In the past, connectivity was primarily characterized by personal relationships. The best supply chain managers had great Rolodex databases and the best connections were made via a telephone call. As supply chains became more complex, that system of connectivity quickly became outdated. Fortunately, supply chain complexity has increased at a time when data is becoming more available. Data can be both a blessing and a curse. Nikos Papageorgiou, Vice President of Solutions at Slync, explains, “Transactions in sourcing, manufacturing, logistics and distribution generate hundreds of millions of data points. This data volume is representative of today’s supply chain complexity — and it’s increasing. Thousands of SKUs, hundreds of transportation lanes and countless business partners must be managed in tandem to optimize business performance and serve the end-customer. The sheer volume of data can be overwhelming, but if leveraged effectively, all of this data can help tame today’s supply chain complexities — even turn supply chain into a competitive advantage. It all depends upon how we use this data.”[5] Turning data into a competitive advantage requires leveraging cognitive technologies and advanced analytics.
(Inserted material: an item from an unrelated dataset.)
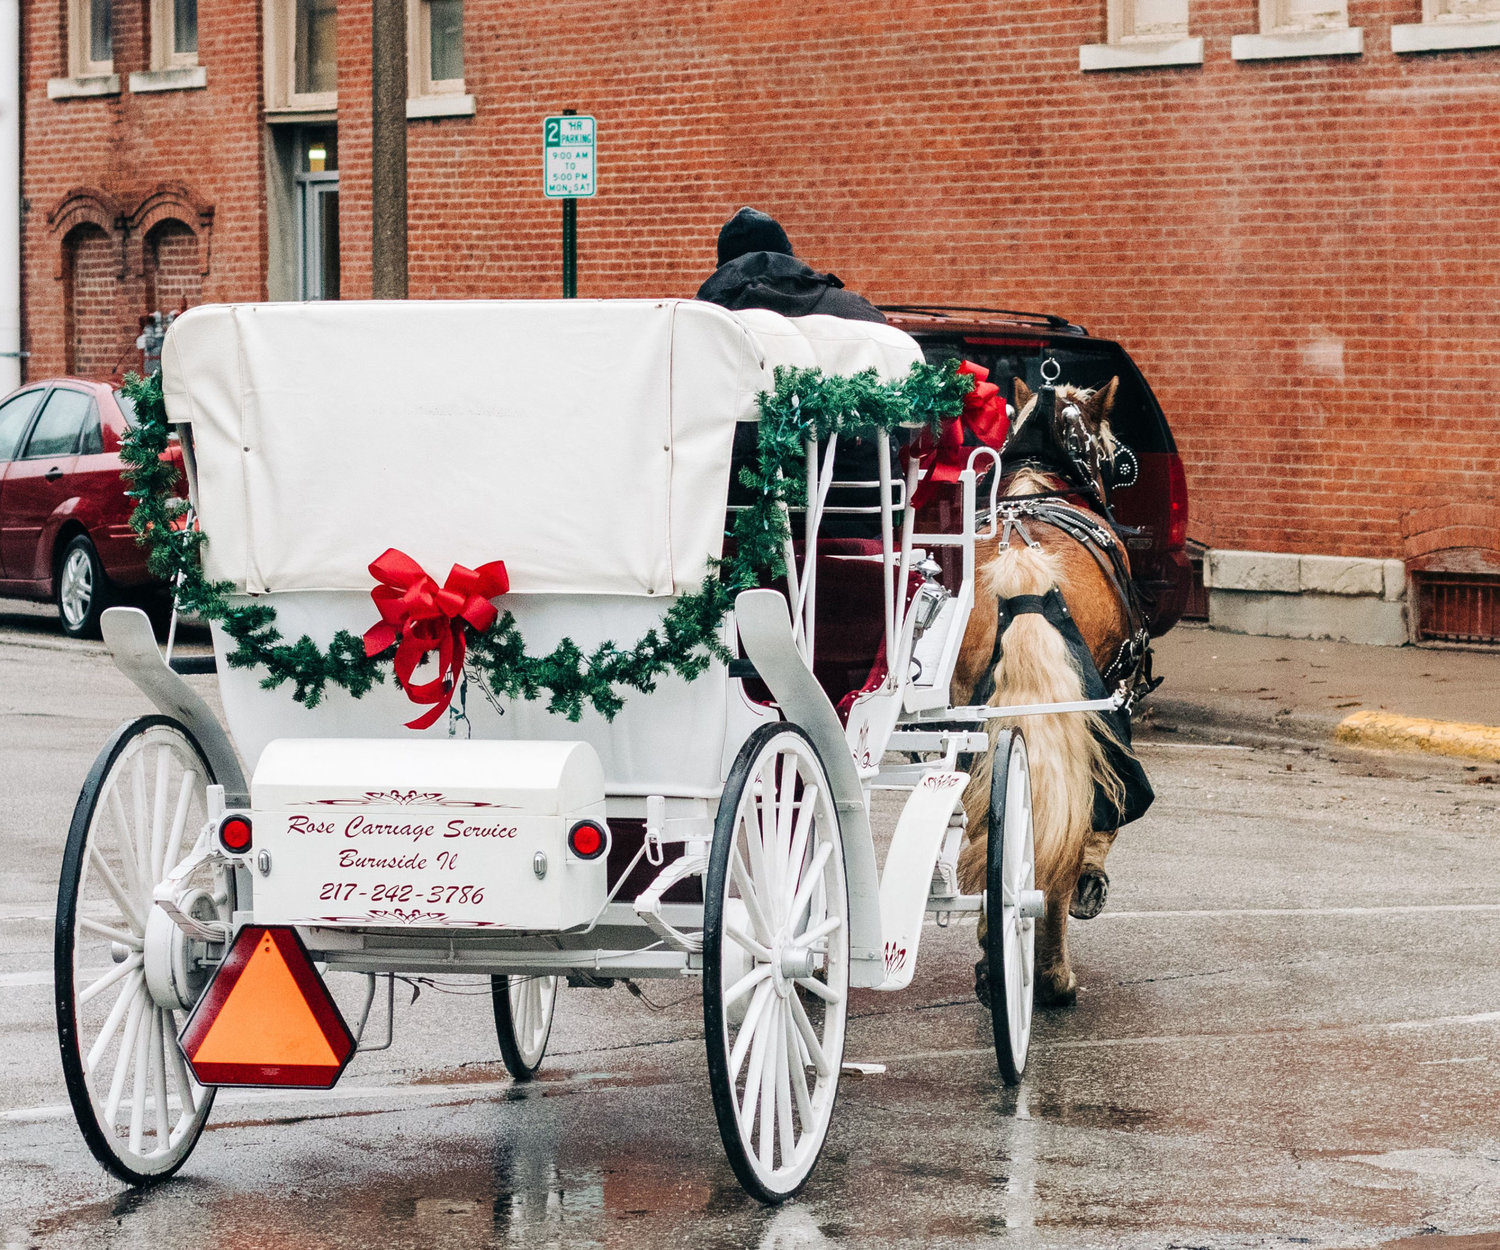 Carriage rides are once again a part of the Mistletoe on Main to be held Saturday in downtown Fort Madison. Live reindeer will also be a part of this year's annual holiday event.

Verwijmeren reports, “66 percent of supply chain leaders believe that advanced analytics will be critical to their operations in the next few years.” He adds, “Find pain points that affect profits, costs, and margins using real-time dashboards and interactive reports. Review logistics processes for any gaps, and regularly monitor customer, supplier, and carrier performance. Ideally, you’ll want to use dynamic tools that help you leverage your resources, but also expand your network when needed.” Connecting the dots is simply another term for refining your network.

Concluding thoughts

Connectivity, data, and analytics are essential for success (even survival) in today’s business environment. Cognitive technologies can help connect the dots. For example, the Enterra Supply Chain Intelligence System™ can help provide end-to-end supply chain visibility and analytics to help connect the dots. Verwijmeren concludes, “If you’re only accruing and analyzing data in silos, you’re not realizing the full potential of your network. While industry leaders are right to recognize the value of advanced analytics, the real advantage will be a broader application across a unified system that is continually learning and adapting.” Da Vinci was the antithesis of someone who places information in silos. He did his best to break down silos in order to see how the world worked. Gates explains, “By examining his surroundings so closely, Leonardo was able to develop new techniques that advanced his field and portrayed the world in a way no one had ever seen before. In other words, he was an innovator.” Supply chain managers would do well to follow his example and become supply chain da Vincis.

[1] Lora Cecere, “Sage advice? Only for turkeys.” eft, 1 February 2013.
[2] Martin Verwijmeren, “Supply Chain Excellence Is a Journey, Not a Destination,” Manufacturing.net, 13 February 2019.
[3] Rosemary Coates, “Lessons from Leonardo da Vinci We Can Apply To Supply Chain,” Supply Chain Management Review, 14 December 2017.
[4] Bill Gates, “Bill Gates: What This Legendary Artist Can Teach Us About Innovation,” Time, 7 February 2019.
[5] Nikos Papageorgiou, “The Intelligent Automation Imperative: Taming Supply Chain Complexity,” Supply & Demand Chain Executive, 4 March 2019.